Punish this thievery
Like taking candy from a baby may be an overused expression, but it’s hard to think of a better way to describe how easy it is for unscrupulous pharmacists to steal millions from the taxpayer-funded Ontario Drug Benefit Program.
The province’s auditor general, in fact, recently identified $4 million in flagrantly false claims made to the plan by pharmacists over two years simply by flagging suspicious paperwork. That included drugs billed for dead people and birth control pills supposedly prescribed to men.
So it’s not that this crime is a tough nut to crack. All that’s required is a modicum of oversight combined with punishments that might actually act as a deterrent.
But, as a Star/Global news investigation shows, neither is in place right now, although the problem has been highlighted for decades.
That must change before one more pharmacist robs a plan meant to provide medicines to children, seniors and those on social assistance.
Step one is for the province to hire more inspectors to catch pharmacists who overbill — as the auditor general recommended on no less than four occasions between1996 and 2017.

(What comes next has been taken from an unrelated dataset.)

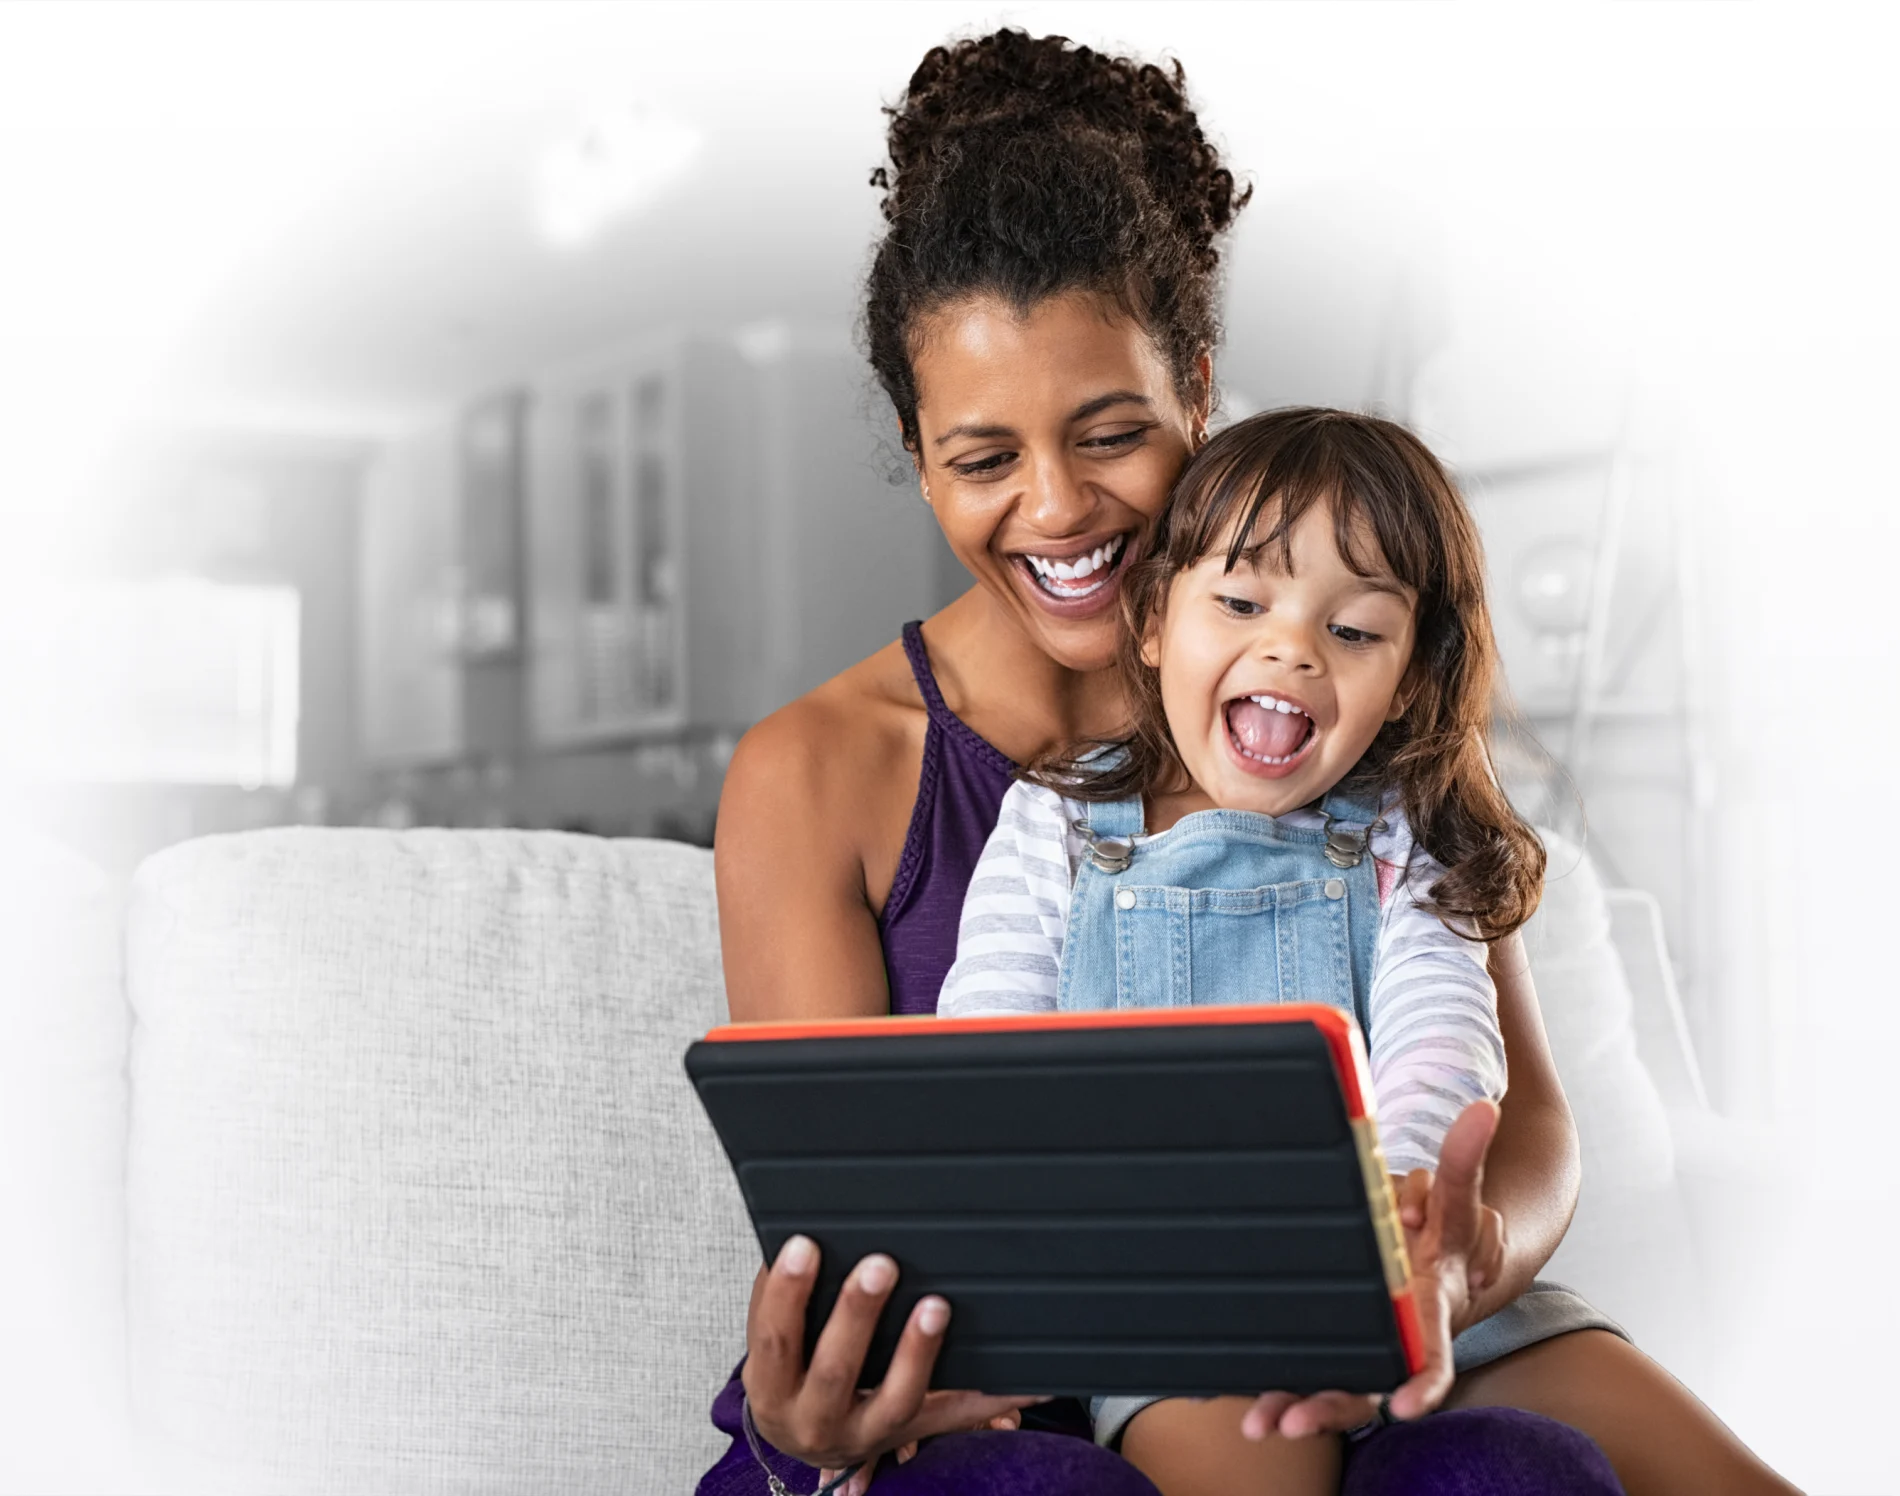 A woman and young child smiling while viewing a tablet

Step two is for the Ontario College of Pharmacists to get serious with the penalties it metes out.
Consider the case of a pharmacist in Mississauga who admitted to overbilling nearly $1million. Thankfully, the Ontario drug plan got its money back. But all the college did was issue a $5,000 fine and a 16-month licence suspension.
That wrist-slap is par for the course. As is the fact that pharmacists are generally not criminally charged because the Ministry of Health rarely bothers to refer cases to police. That, too, should change.
The province and college must do more to catch and deter unscrupulous pharmacists. Those who rob the health care system ought not to get off so lightly.